# Passive Intake Question



## burner (Apr 4, 2011)

The cabinet I'm going to be using is: 19"x15"x28" tall (1.97 sq. ft.)

I'm most likely going to have a 150watt HPS enclosed ballast/hood with glass setup. I can make it a remote ballast if I have too.

(2) 80cfm 120mm (4.7") PC fans for exhaust. Possibly hook another up to the hood as well.

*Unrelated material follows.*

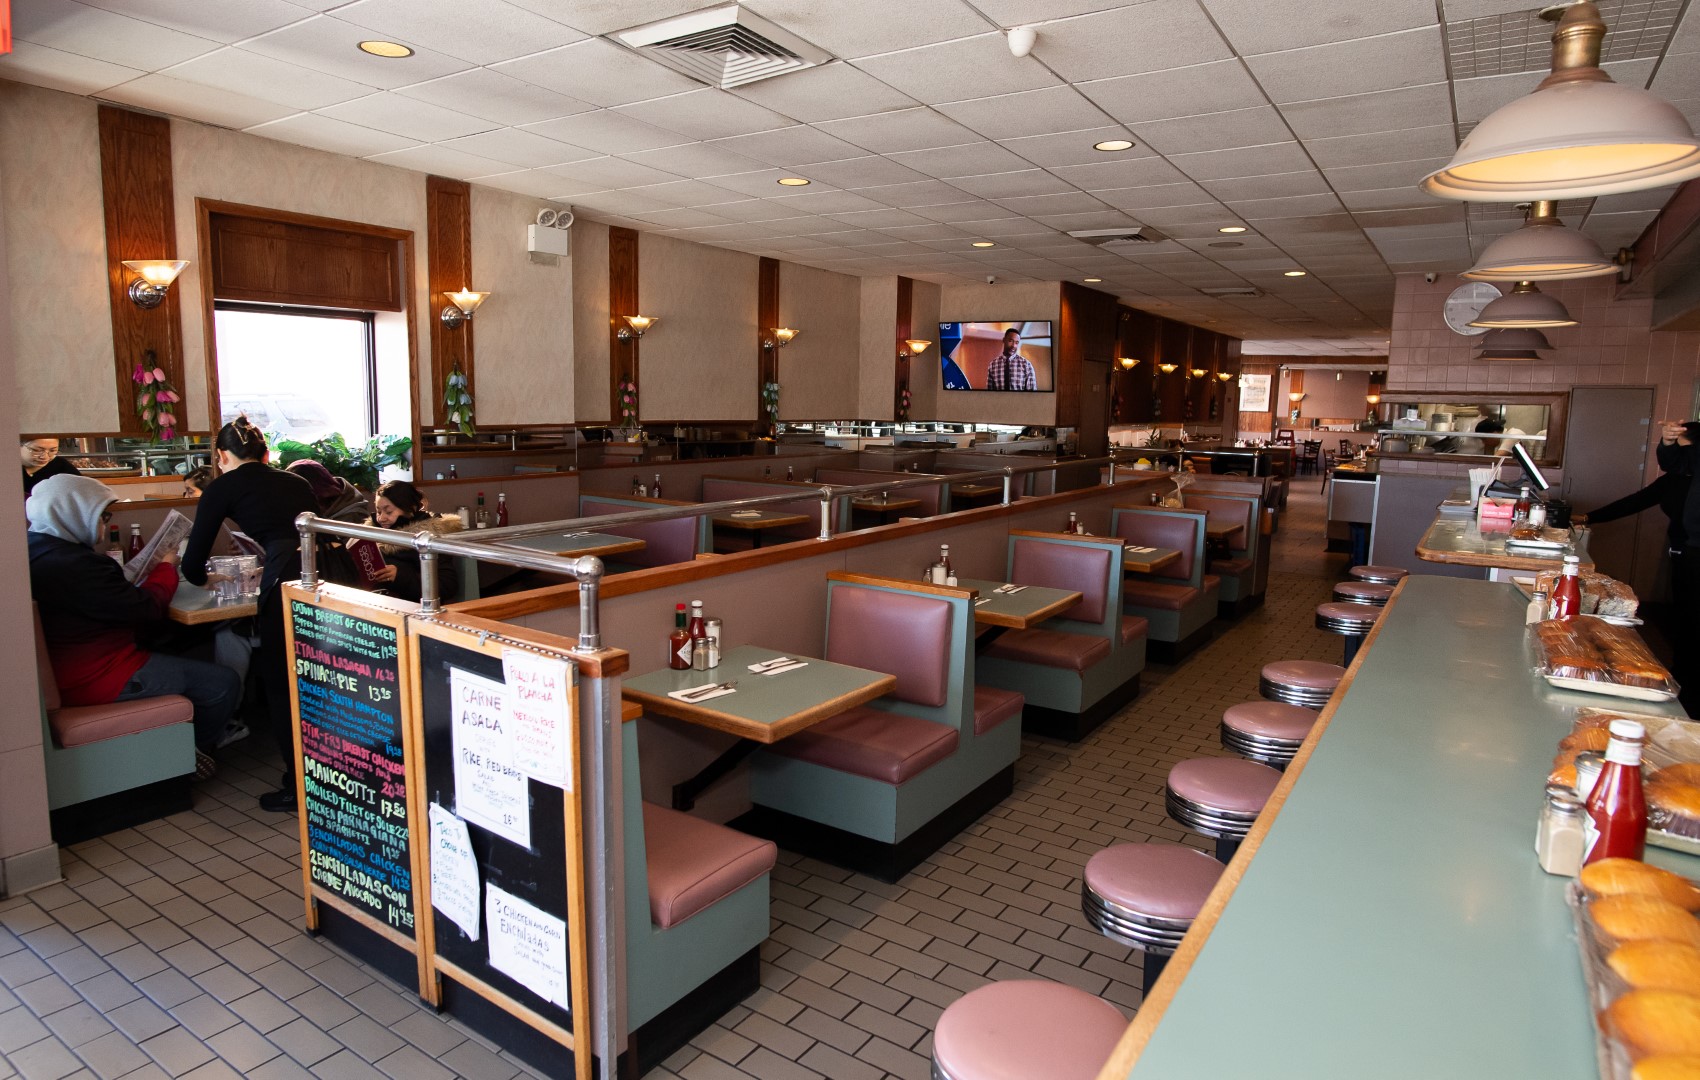 Interior of a bustling diner with pink and green booths, a counter with stools, a display of baked goods, and customers dining. a tv screens sports in the background.

Basically i'm not sure if ...(4) 2" holes on the bottom (with 2 90 deg. elbows for light traps) will be sufficient for my intake. Maybe I should add a 40-50 cfm PC fan for intake or use that instead of the passive.


----------



## dman1234 (Apr 4, 2011)

You may need to do a test run watch the temps with no plants  and add more holes if needed, i think passive is the way too go, but see what others say.


----------



## Locked (Apr 4, 2011)

I like passive intakes the best....but I also use an inline fan to pull the air from my grow space and let the cool fresh air enter through the passive intakes along the bottom...I wld go with dman and do a test run to see what your temps look like and expand then passive intakes if needed.  Jmo


----------



## burner (Apr 4, 2011)

Thanks guys, I'll do that and see what the temps look like. I don't have much space to expand the holes anymore depending on the pot size, but I'll figure something out


----------



## The Hemp Goddess (Apr 4, 2011)

burner said:
			
		

> The cabinet I'm going to be using is: 19"x15"x28" tall (1.97 sq. ft.)
> 
> I'm most likely going to have a 150watt HPS enclosed ballast/hood with glass setup. I can make it a remote ballast if I have too.
> 
> ...



How are you setting the 2 exhaust fans up?  I would advise against the intake fan.  If your intake fan is substantially smaller than your exhaust, it can actually impede air movement.  Four 2" holes equal about the same square inches as a single 4" hole.  If you are going to have 2 4" or larger exhaust fans running, you either need more intakes or one of them needs to pull air from outside the cabinet.  

I see some real problems with only 28" in height.  Is there any way this can be made taller?  I don't think I would attempt a grow in less than 3' and even that is really quite tricky.  What is the depth of your light?  of your pots?  How much room is left for plants?  

I think you should remotely locate the ballast if you can.  They do put out some heat.


----------



## burner (Apr 5, 2011)

THG, the 2 fans will be right behind the light. I can modify the size of the box width wise, I was going to block off half to keep my space the right size, but I can change that if I need to. 

Height wise it will be a problem. I was thinking of actually sinking the pot in the floor of the cab, I can save 5" that way. 

The depth of the light hood is 5", so if I sink the put I'm looking at 20"+/-
grow height.

I got the cab for free from a friend, I really wanted to go taller, I'm hoping I can make  this work, but it may be more trouble than it's worth.


----------



## Mutt (Apr 5, 2011)

You can grow fine in that thing. Sinking the pot down and using 2gallon size with a 4-5week veg. You can easily do a small SOG. or larger pot size and a scrog. 150w HPS would be about it for that box. if you did a cool tube you might be able to squeeze a 250w HPS in a Scrog. 
I would not just do passive intake. I would have a comp fan or two, with a higher rated output fans.


----------



## burner (Apr 5, 2011)

I've seen a lot of grows with 150s about this size, so maybe I'm over worrying. I'm gonna be exhausting 160cfm, I have an extra 30-40ish cfm PC fan maybe I could throw that in the floor as well as the passive holes


----------



## The Hemp Goddess (Apr 5, 2011)

I would absolutely be for cutting out the bottom of the cabinet and taking advantage of the space in the toe kick area.


----------



## burner (Apr 5, 2011)

My original plan to box it off at 19" is gonna change. I'm going to make it a little longer and make room for a big enough passive intake or two and supplement that with a pc fan in a light trap/duct 

Kind of hard to explain, but here it goes.

Off the passive intake hole, I'll make a makeshift duct (either out of black poster board or something easy to work with and paint it black), so off the hole i'll atleast have one 90 deg. turn and some straight length after that. I'll stick a fan on the long end of the duct so it will draw air in from the toe kick space and up thru the duct into the cabinet.

get it?


----------